Unsurprisingly, Coca-Cola Co and PepsiCo still remain securely atop the industry, despite losing a small amount of share on a global basis last year in both value and volume terms. Bottled water giant Nestlé was unable to convert healthy volume growth on an off-trade basis into an increase in value share, as water brand owners continue to struggle to generate real value opportunities from packaged water (despite success for many super-premium water brands).

Energy drinks were the main winners in terms of industry share gains last year, with Red Bull and Monster Beverage Corp each capturing 4% of the off-trade soft drinks market in value terms through their dominance of the segment. Although sales growth for energy drinks in North America has slowed somewhat, emerging market opportunities and new product innovation (particularly in the natural energy segment) suggests the possibility of further gains for energy players in the wider drinks arena. Last year’s most exciting strategic partnership – Coca-Cola’s landmark 16.7% equity stake in Monster – will expand each company’s presence in this high growth area.

Growth in emerging markets has not simply benefited large, multi-national European and US companies – a host of locally-owned beverage manufacturers and brands have created their own success stories. Five of the ten largest soft drinks producers by volume are now based in Asia, reflecting strong and growing demand in the region for familiar and affordable local brands. At all price points, multi-national players are facing competition from local players who understand consumer preferences and may enjoy better relationships with important local retailers.

Despite the growth of supermarkets, hypermarkets and ‘modern’ channels of distribution in these all-important emerging markets, traditional retail operators remain important to driving beverage consumption, particularly in reaching rural consumers. Peruvian low-cost carbonates producer and bottler Ajegroup enjoyed success in high-growth Latin America and South-East Asian markets by selling its low-cost cola brands to small, independent and traditional retail outlets.

Five years from now: Growth, but in new places and categories

Strong retail volume growth, rising unit prices, and a better year for beverages in the foodservice channel provide reasons for ongoing optimism. The global soft drinks industry is on track to eclipse US$1trn in total market value over the next five years, with per-capita levels continuing to rise, led by new consumers in the world’s emerging economies.

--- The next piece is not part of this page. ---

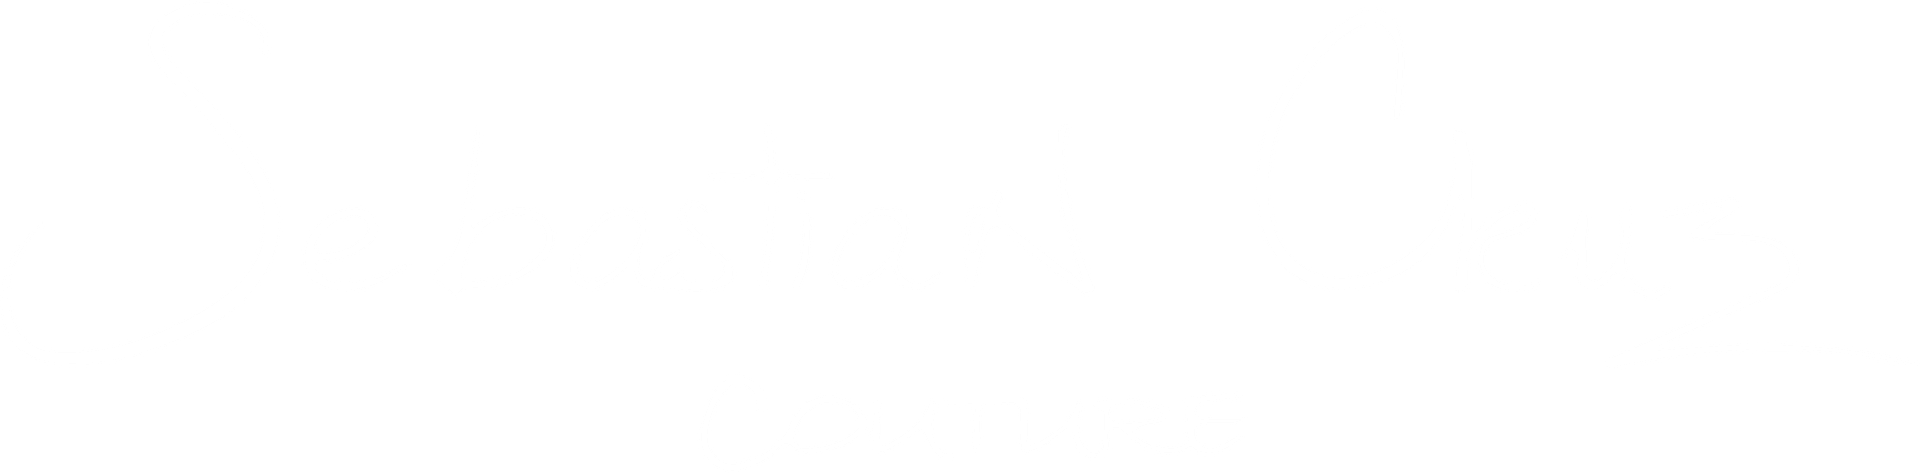 Sebastian Cruz Couture

Despite a positive overall picture, there are areas of real concern for the industry to address. The CSD sector simply cannot afford an Asian or Latin American slowdown at the same time as a long-term contraction in its cash-rich US and European core. Last year, CSD volumes grew by just 2% in China, after a 6% rise in the previous year. The imposition of a soda tax in Mexico played a role in a 1% decline for CSDs, and regulation in this area can be expected in other markets. Looming macroeconomic and geopolitical instability in 2015 could also adversely impact consumers in key growth markets – most notably in Russia.

On a global basis, however, retail volumes for soft drinks are forecast to grow by a 3% CAGR to 2019. While consumer preferences, categories and areas of geographic opportunity are changing, the soft drinks business will continue to adjust and thrive.